According to builders, lenders, condominium experts and realty agents, the FHA’s guidelines have become too strict and have cut buyers from their best source of low-cost mortgage funds, thereby frustrating the real estate recovery that the Obama administration says it advocates.

Christopher L. Gardner, managing member of FHA Pros, a national consulting firm based in Northridge that assists condo boards in obtaining FHA approvals, said only 25 percent of all condominium projects that are potentially eligible for FHA financing are approved. That is, despite the fact, Gardner said, that FHA financing is the number one mortgage choice for half of all condo buyers and is critical to many first-time and minority purchasers.

Moe Veissi, president of the National Association of Realtors and a broker in Miami, said the FHA’s overly strict rules “have had an enormous impact on individuals” across the United States, especially owners of condo projects who find they are unable to sell their units because their condo board has not sought or obtained approval from the FHA which is a direct result of objections to the FHA’s strict criteria.
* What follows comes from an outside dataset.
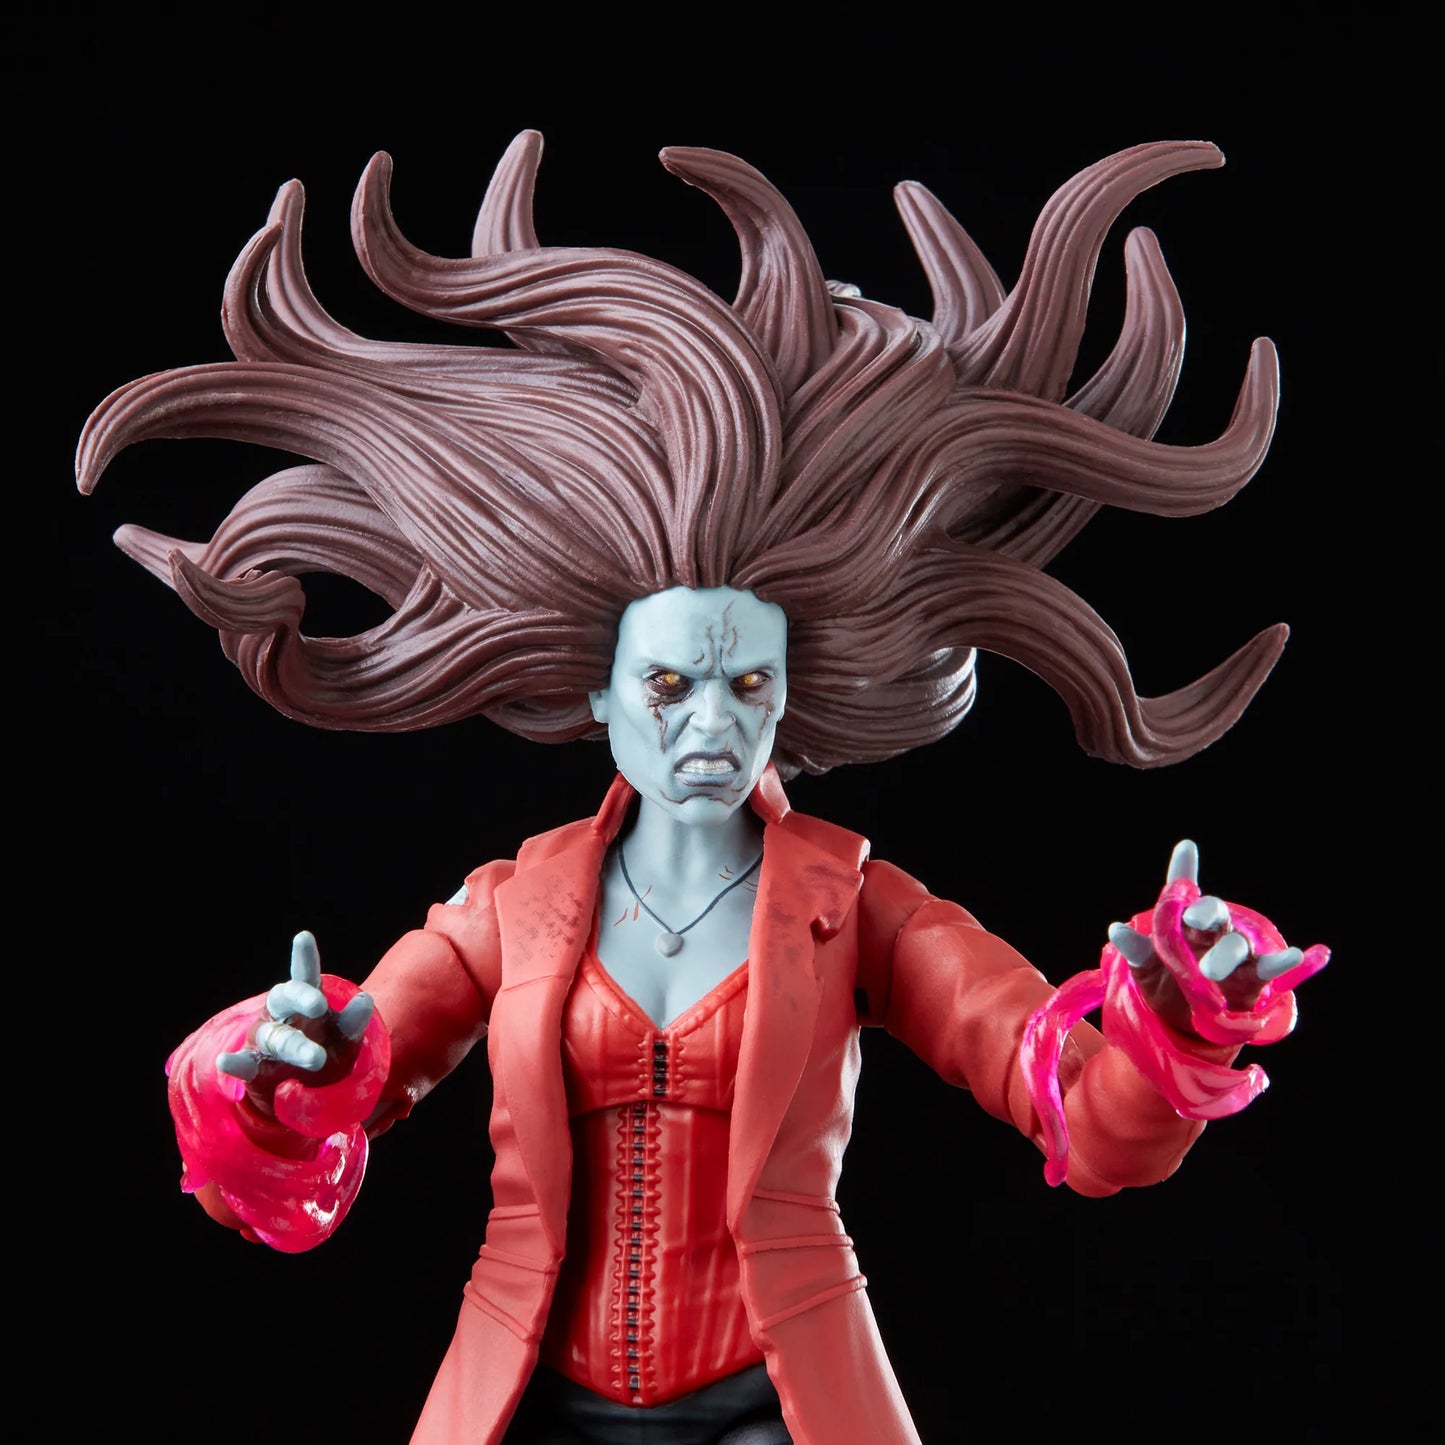 Marvel Legends Series Zombie Scarlet Witch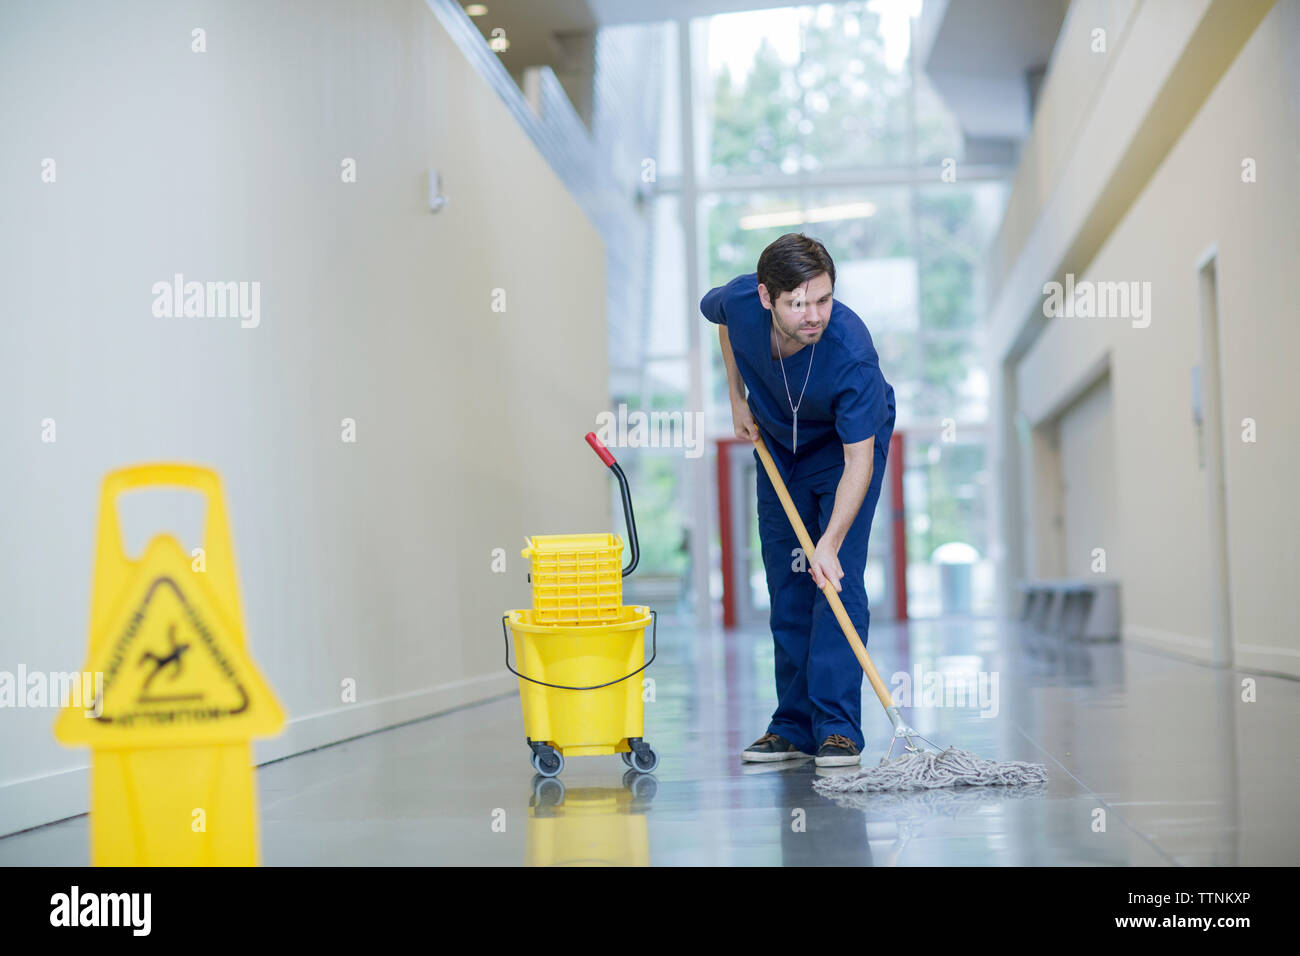 Male worker cleaning floor at hospital corridor Stock Photo

This, in turn, depresses the prices that unit owners can obtain and ultimately harms their equity holdings and financial futures as well, Veissi said.

FHA officials ardently defend their requirements as being prudent and necessary to avoid insurance fund losses but have expressed a willingness to reconsider some of the concerns that have been disconcerting to the real estate industry and condo owners. Among the largest areas of contention of the agency’s rules are its limitations on:

• Non-owner occupancy. The FHA requires no more than 50 percents of the units in a building or project be non-owner-occupied. This rule alone has caused large numbers of condominiums in hard-hit markets to be ineligible for FHA financing, where investors purchased units for cash specifically to turn into rentals.

• Delinquent condominium association fee payments. The agency refuses to approve a project where more than 15 percent of the residences are 30 days or more behind on condo fee payments to the association. Considering the dismal state of the economy, this has been a significant problem for thousands of associations, even those in relatively prosperous markets.

• Non-residential space usage. The agency has set a cap of 25 percent of the total floor space in a project for commercial use. Critics say this is unrealistic and too low for condo projects in urban areas, where office and retail revenues are often important to overall financial feasibility.

The FHA has imposed a long list of other requirements on reserves and insurance, plus a highly controversial rule that associations interpret as creating harsh legal liabilities for condo board officers, if applications for FHA approvals contain inaccuracies.

The agency is expected to clarify the personal liability language as well as make other modifications in its forthcoming rules. Whether the changes will be enough to persuade homeowner boards to apply for approvals in large numbers is uncertain, at best, but industry experts say that they and unit owners are likely to welcome whatever loosening of the current restrictions FHA can offer.